Танк в воротах цирка в Ростове-на-Дону стал символом мятежа Пригожина и реакции на него российской власти

Танк в воротах цирка в Ростове-на-Дону стал символом мятежа Пригожина и реакции на него российской власти

Фото: Karbinov Anatoly / news.ru via globallookpress.com

На этой неделе будут вспоминать президентские выборы в России 1996 года — их первый тур прошел 16 июня. Оглядываясь назад, многие современники, политики, публицисты и мыслители именно с этим событием связывают поворотный момент в истории молодой российской демократии. По широко распространенному мнению, именно в результате победы Бориса Ельцина на тех выборах Россия стала отклоняться от эталонов демократии и либерализма и постепенно пришла к авторитаризму, репрессиями и войне. Так ли это? Поговорили с членом совета фонда «Либеральная миссия», экономистом Сергеем Жаворонковым о взаимосвязи нынешнего режима с политикой 90-х, а также о том, как долго еще экономика может выдержать бремя санкций и войны — и что нужно будет делать после завершения путинизма.

— Первый вопрос, с которого хотелось бы начать: раз уж мы вспоминаем выборы Ельцина 1996 года, то, на ваш взгляд, они действительно как-то обусловили ход политико-экономических процессов и привели к тому состоянию, в котором мы все оказались? Или это все спекуляции?

— Я полагаю, что это спекуляции. Начнем с того, что эти теории появились сильно позже 90-х, уже даже скорее не в нулевых, а в десятых, когда Зюганов стал смотреться уже как некий старый дедушка, которому все равно. Эти теории можно условно назвать теорией «Русского Квасьневского» — в Польше, как известно, Лех Валенса проиграл [свои] перевыборы 1995 года социал-демократу Александру Квасьневскому, бывшему в конце правления коммунистов министром по делам молодежи. Ничего страшного после этого в Польше не случилось. Сторонники этого подхода говорят: ну победил бы Зюганов — или ничего бы страшного не случилось, или Зюганов быстро все бы развалил и на следующих выборах коммунисты с треском бы проиграли, и к власти пришли бы нормальные демократы.

Но разница между Квасьневским и Зюгановым огромная. Квасьневский в 1995 году осуждал коммунистическую диктатуру, а свою роль (очевидно второстепенную) в ней объяснял тем, что мол пытался делать небольшие добрые дела, и действительно, Квасьневский не нес ответственности за репрессии. Зюганов шел на выборы, восхваляя Сталина и СССР, обещая национализацию, регулирование цен и т.п. 15 марта 1996 года коммунистическое большинство Госдумы приняло постановление о денонсации Беловежских соглашений. Депутат Госдумы от КПРФ, активный участник мятежа ГКЧП генерал Варенников заявил тогда, что «восстановление СССР — это программа-минимум». И тогда интересно, какова была программа-максимум? Мировая революция?
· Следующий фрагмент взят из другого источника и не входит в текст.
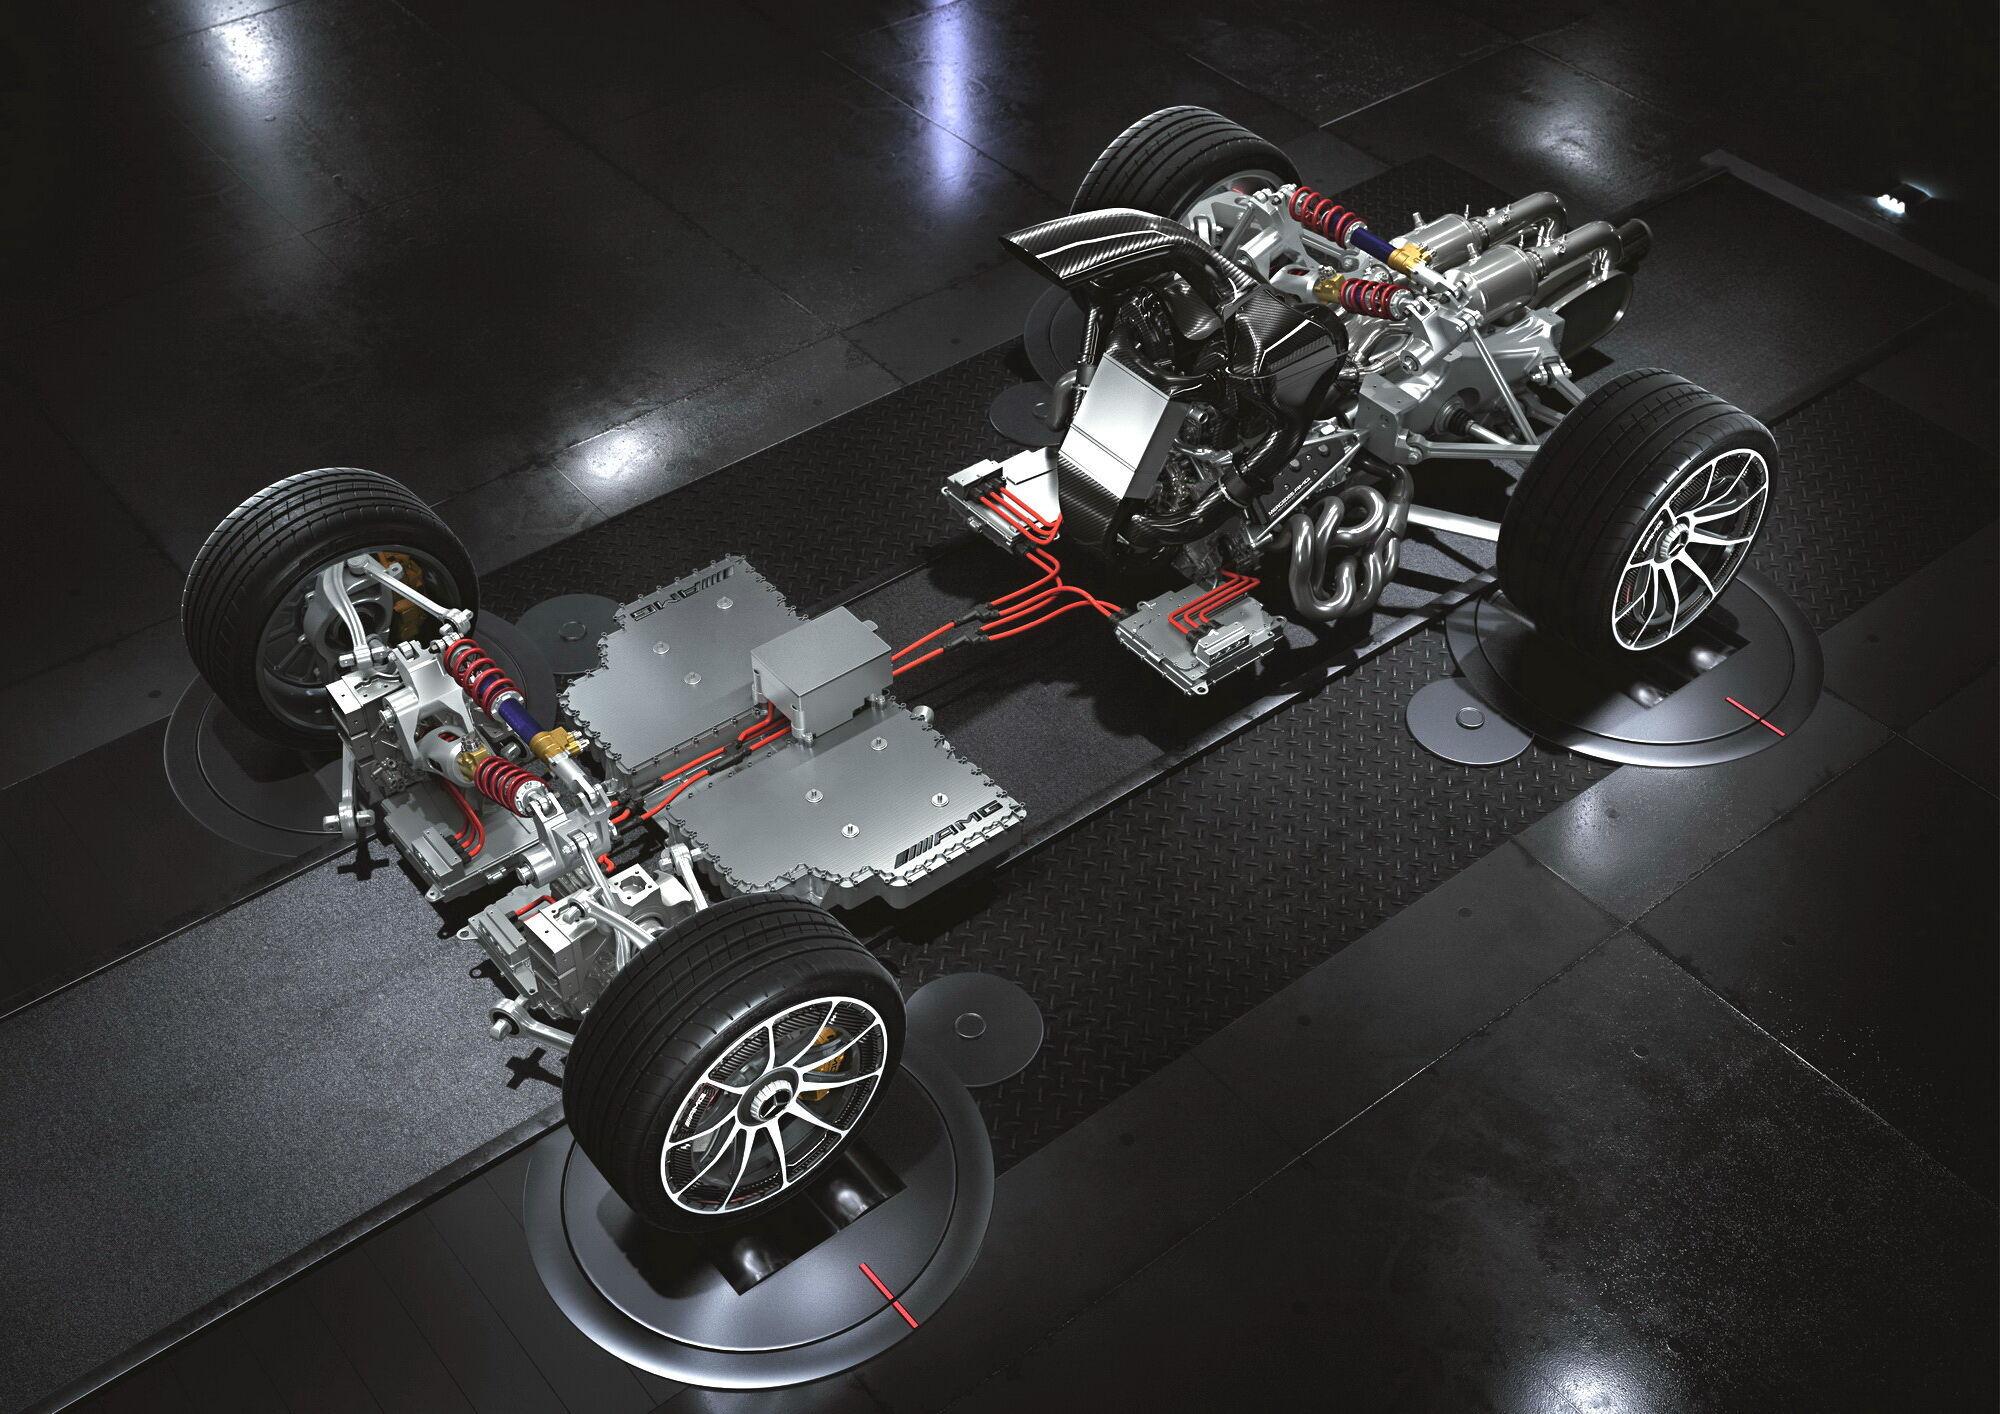 Project ONE имеет в своем арсенале гибридную силовую установку мощностью свыше 1000 л.с.

У Квасьневского, кстати, вовсе не было парламентского большинства, парламент Польши в 1995 году был очень дробный, а с 1997 там вообще было оппозиционное правое большинство. В мае 1996 года группа крупных предпринимателей выступила с обращением «Выйти из тупика» — текстом довольно эклектичным, но призывавшим кандидатов к некоему компромиссному поведению, кто бы из них ни победил. Ничего хорошего Зюганов в ответ даже не пообещал.
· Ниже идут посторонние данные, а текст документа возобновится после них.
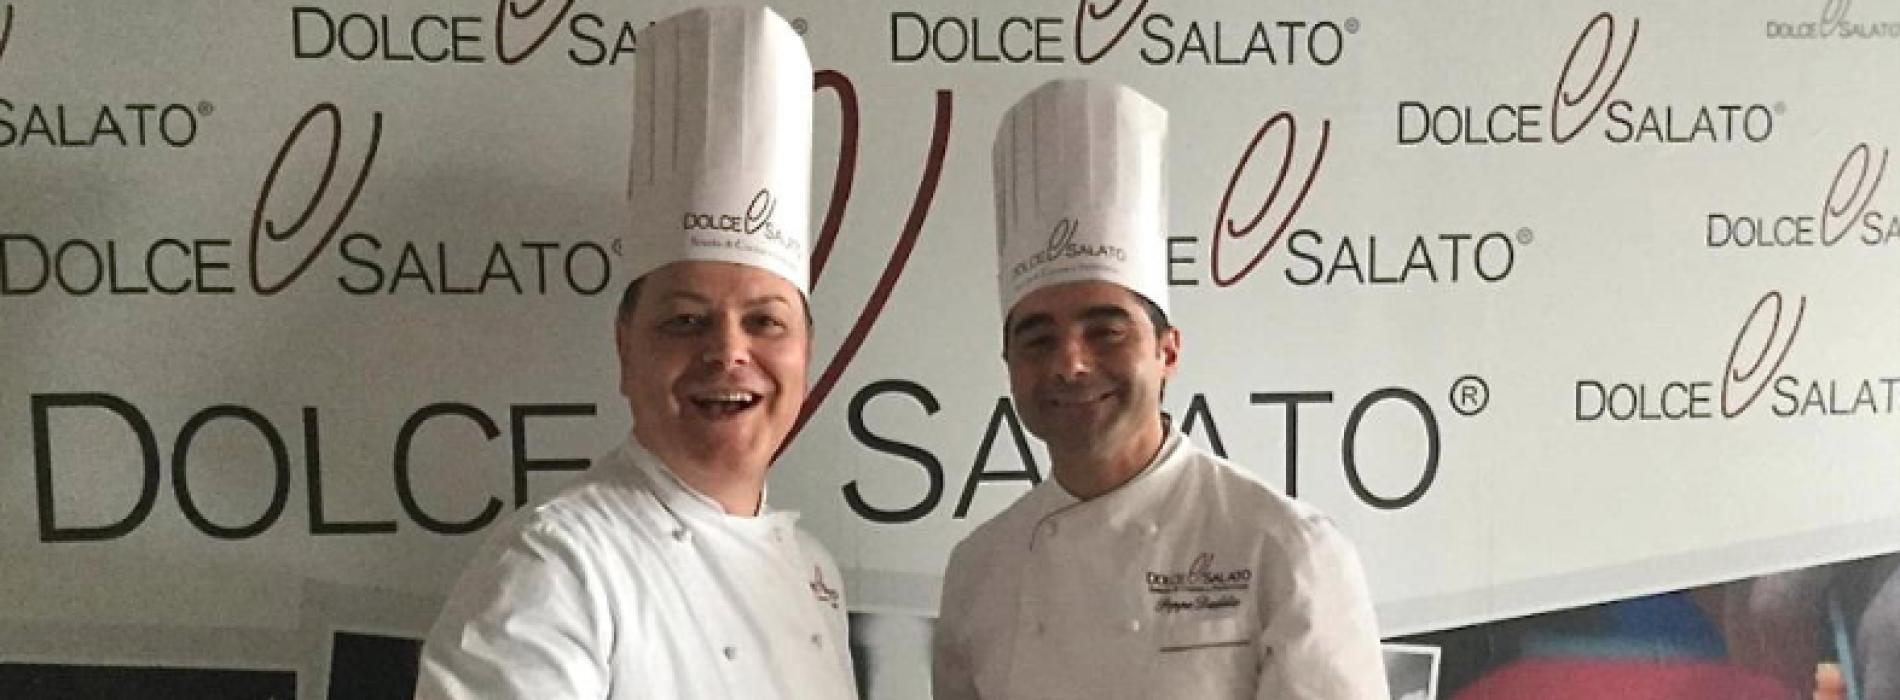 Rimini, Dolce & Salato va a fare scuola anche al Salone Sigep

Так что в случае победы Зюганова, на мой взгляд, скорее всего нынешний режим, диктатура и войны — так как никто из республик, даже Лукашенко, не собирался отказываться от независимости — настал бы уже в 1996 году. И никуда Зюганов бы не ушел, с выборами бы произошло то, что происходит сейчас. Может быть, даже хуже, в стиле Венесуэлы, с дефицитом и пустыми прилавками.

«Политические свободы при Ельцине были близки к абсолютным»

— Одна из претензий к экономической политике времен Ельцина: рыночные реформы были поставлены во главу угла в ущерб всему остальному. Оглядываясь назад и оценивая нынешнее состояние, на ваш взгляд, что все-таки первично: политические свободы или рыночные реформы, создающие условия для экономических свобод? И похоже, что актуальность этой дилеммы еще не раз возникнет в будущем для России.